By Javiette Grant, HRI Program Specialist

The start of new relationships can be exciting for teens, but it can be nerve-racking just thinking about having deep conversations with your teen, especially if you don’t quite know how to get those conversations started. These relationships they are building can help form their identity, offer a network of support, and is a pivotal part of the adolescent years. However, sometimes relationships can bring disappointment, conflict, and even abuse. Relationships take time, energy, and care to keep healthy. Teaching teens about healthy relationships is a good step to prepare them for the future.

Set aside time so that conversations don’t feel rushed. Be sure to minimize distractions during that time so you can focus on the conversation and your teen. Try to have your conversations in places that are comfortable for everyone. Some teens may feel more comfortable talking alone or in private, whereas other members may feel more comfortable talking in public places. The more everyone feels comfortable, wherever you are, the easier it will be to focus on the conversation and each other.

Start by discussing with your teen what a healthy relationship looks like to them, ask what makes them feel safe and happy with the people in their life. Healthy relationships are characterized by respect, sharing and trust. They are based on the belief that both people are equal and are willing to compromise so that the relationship is fair. Support, Honesty, Independence, and Communication are some of the other core characteristics of a healthy relationship.

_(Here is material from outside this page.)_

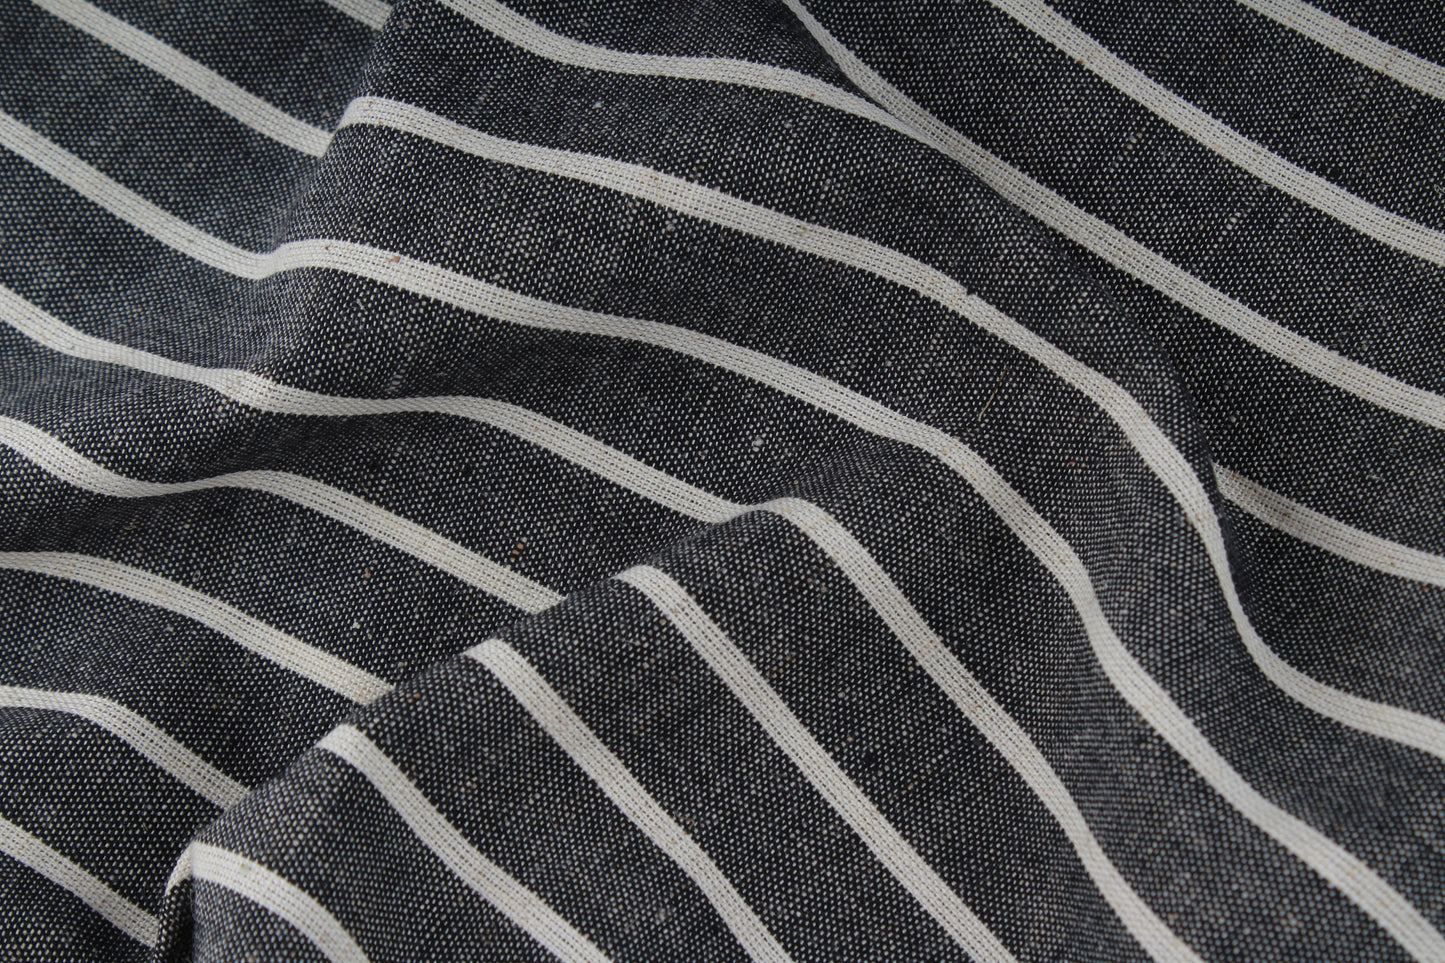 Grey Striped Loom Textured Cotton Fabric
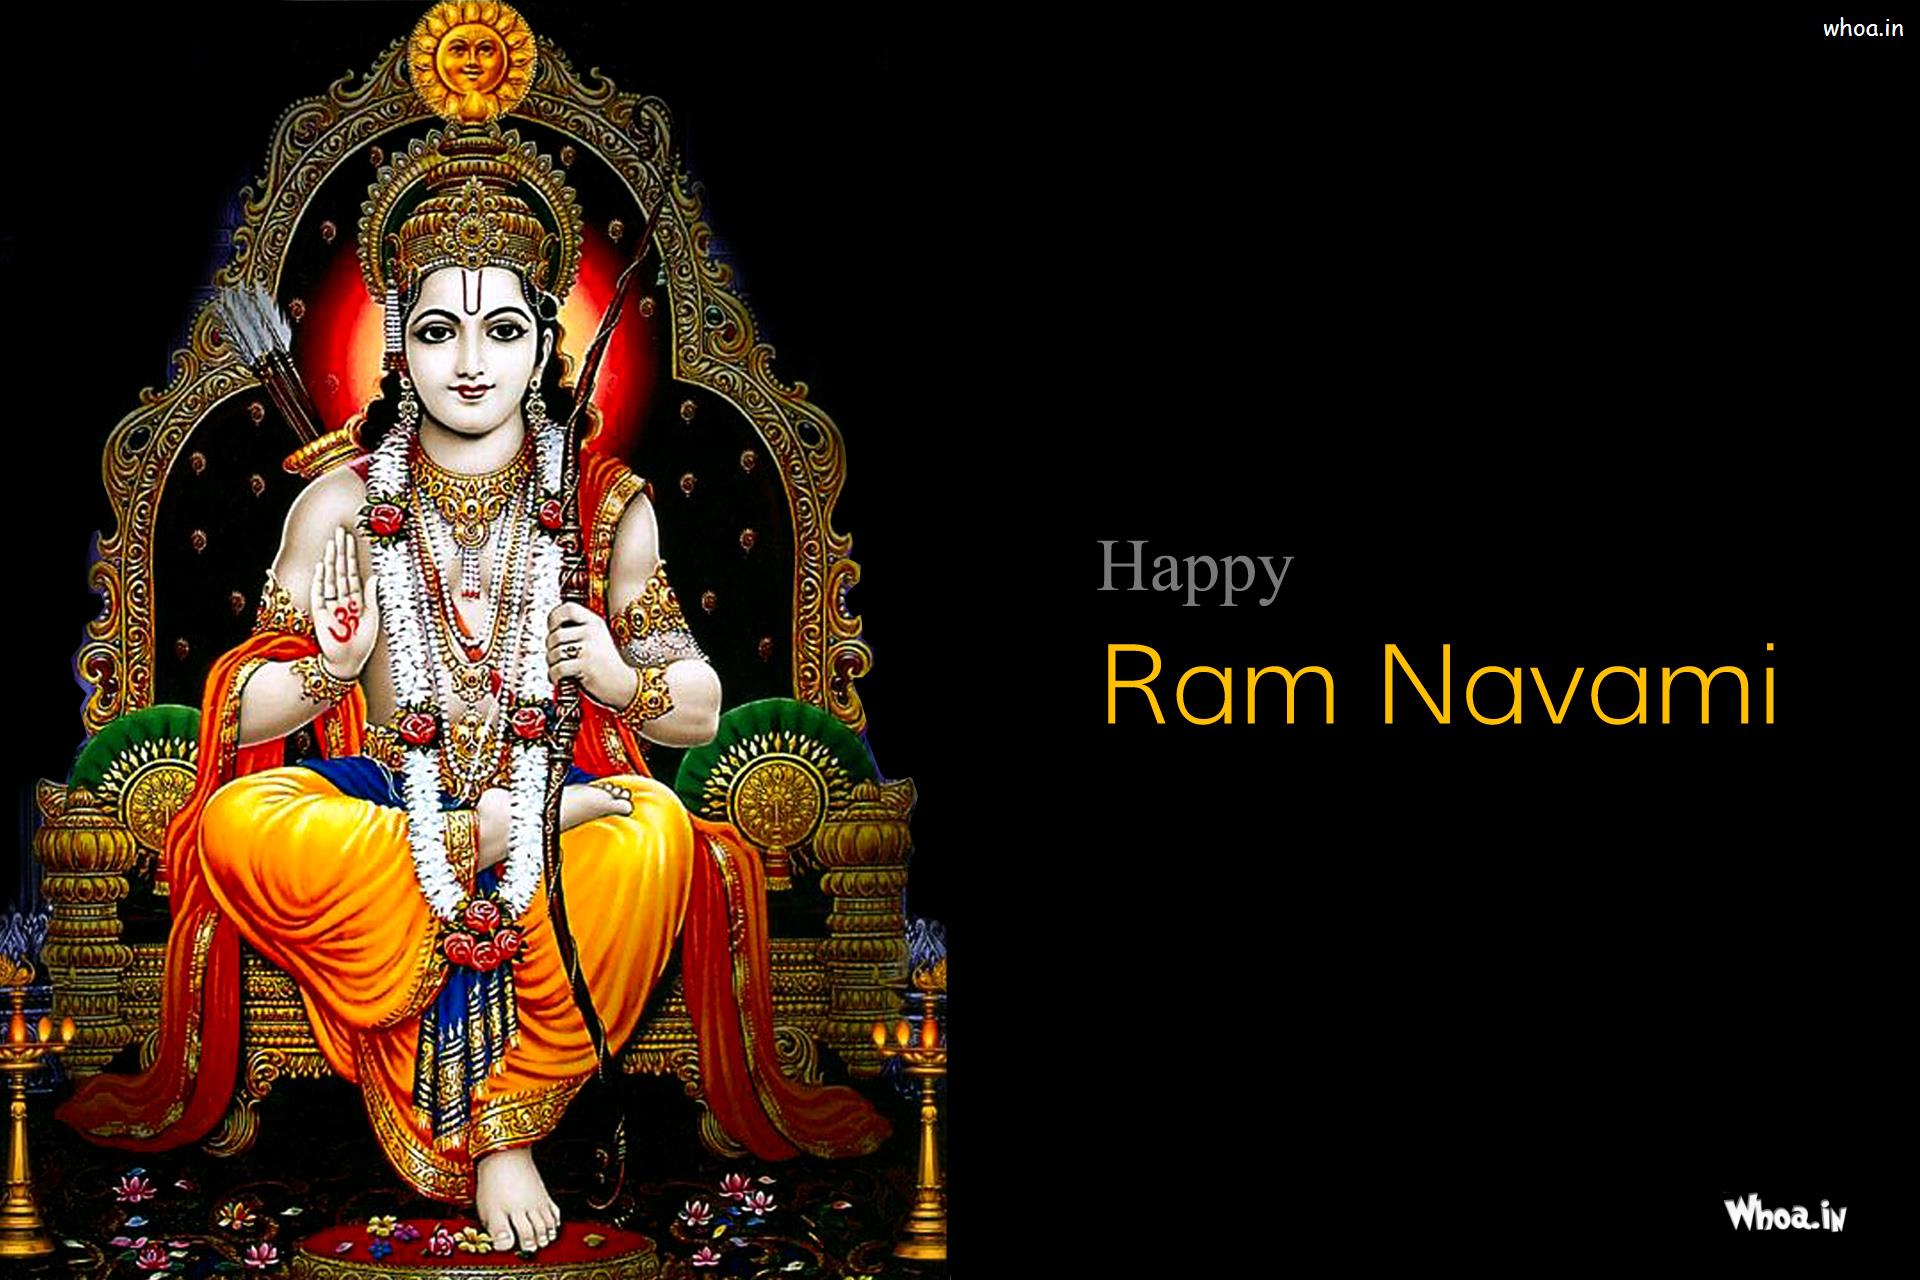 3233 Ram Navami Poster Images Stock Photos  Vectors  Shutterstock

Going over these characteristics can help provide examples of what they can look for in the connections and partnerships they make.

Knowing the characteristics of an unhealthy relationship is just as important. Sometimes unhealthy relationships develop and your teen or someone they know can experience distress such as bullying or dating violence. One of the more familiar characteristics during the adolescent years is peer pressure; This is the influence a person or group can have on an individual. However, there are more toxic behaviors that teens should be on the lookout for such as: emotional abuse, intimidation, threats, minimizing/denying/or blaming, sexual coercion, and isolation.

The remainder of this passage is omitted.